The campaign is organized by the nonprofit watchdog group Corporate Accountability International, which has also targeted tobacco companies and beverage makers like Coca-Cola Co. and PepsiCo Inc. for the environmental impact of plastic bottles.

The McDonald's letter, which ran in ads in the Chicago Sun-Times, New York Metro, Boston Metro, San Francisco Examiner, Minneapolis City Pages and Baltimore City Paper, has been signed by such groups as the American Academy of Child and Adolescent Psychiatry and the Chicago Hispanic Health Coalition, as well as by well-known nutritionists and doctors like Andrew Weil, a doctor and director of the Arizona Center for Integrative Medicine.

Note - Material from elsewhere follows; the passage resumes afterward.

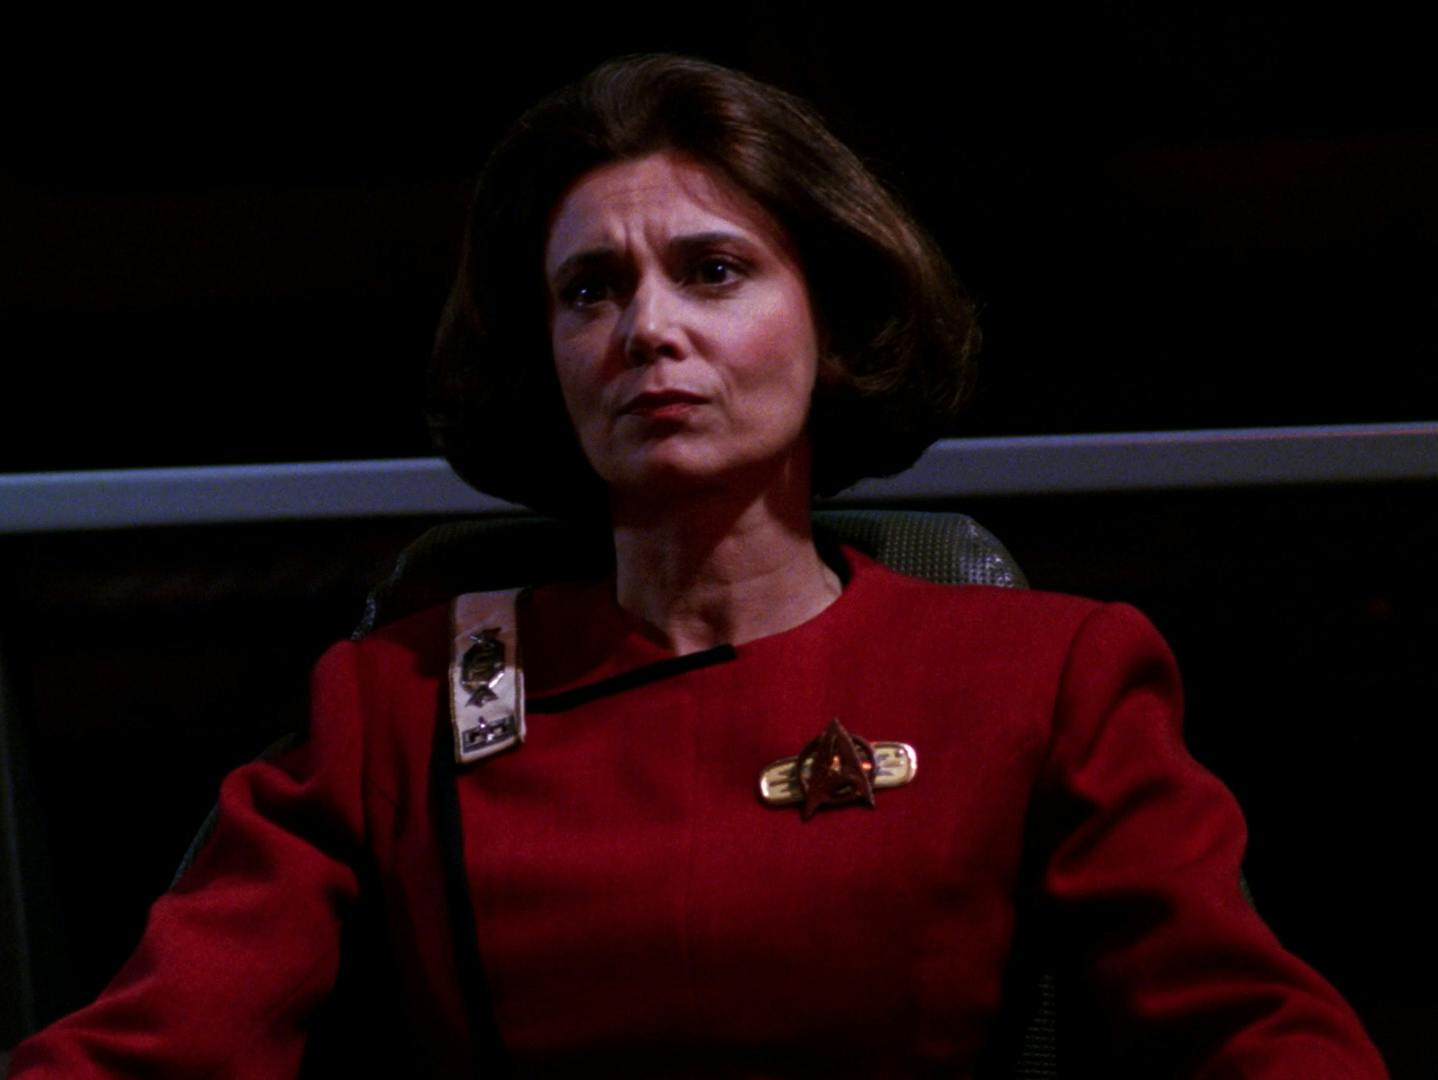 With a stern expression, Captain Rachel Garrett sits in the command seat aboard her ship the Enterprise-C in 'Yesterday's Enterprise'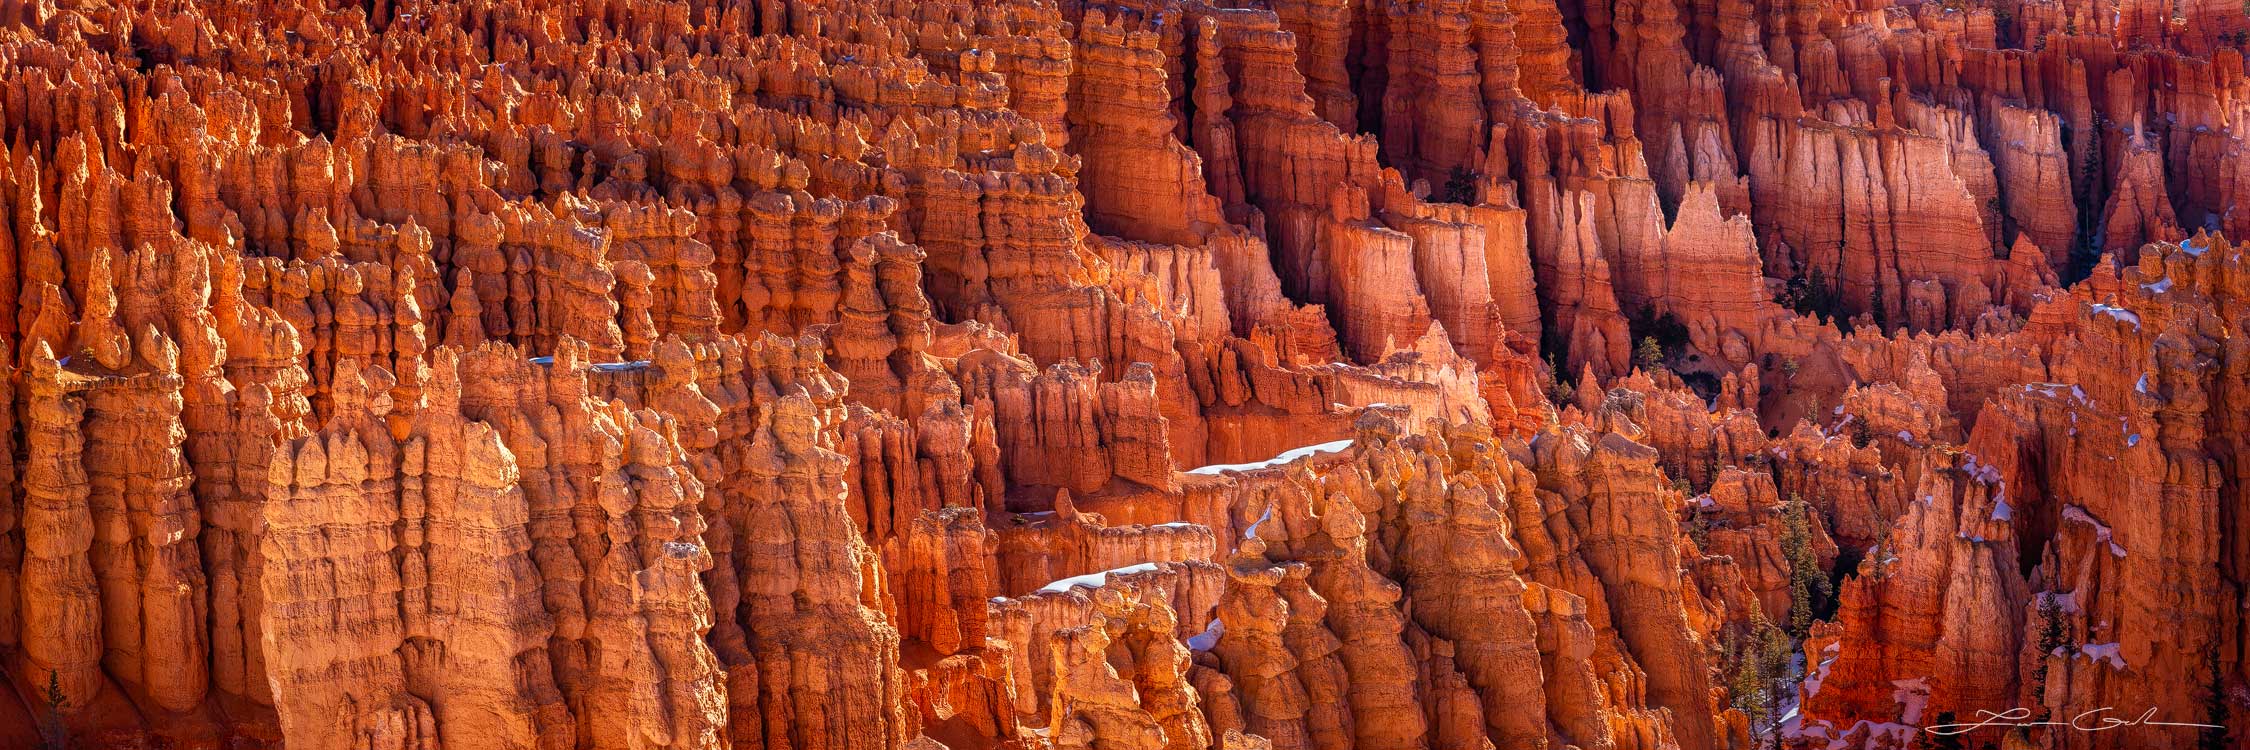 A panorama of sandstone hoodoo spires rich in red and orange color, Bryce Canyon

The campaign also includes an effort to get McDonald's to produce a report assessing its "health footprint." A shareholder's resolution, submitted by the watchdog group and The Sisters of St. Francis of Philadelphia, calls on McDonald's to tally the financial impact of fighting various measures like the San Francisco ordinance passed last year that established nutritional standards for kids' meals that come with toys. It will be voted on at McDonald's annual meeting on Thursday.

Food makers that market to kids are coming under increased scrutiny. Last month, federal regulators proposed standards to which they're asking food makers to voluntarily adhere when marketing food to children.

Food marketed to kids ages 2 to 17 would have to contain healthy items and limit sodium, sugar, fat and calories, according to the proposed guidelines issued by the Federal Trade Commission, the Food and Drug Administration, the Centers for Disease Control and Prevention and the U.S. Department of Agriculture.

The letter from the health providers urges McDonald's to cease marketing food high in salt, fat, sugar and calories to kids, from the use of Ronald McDonald to Happy Meal toys.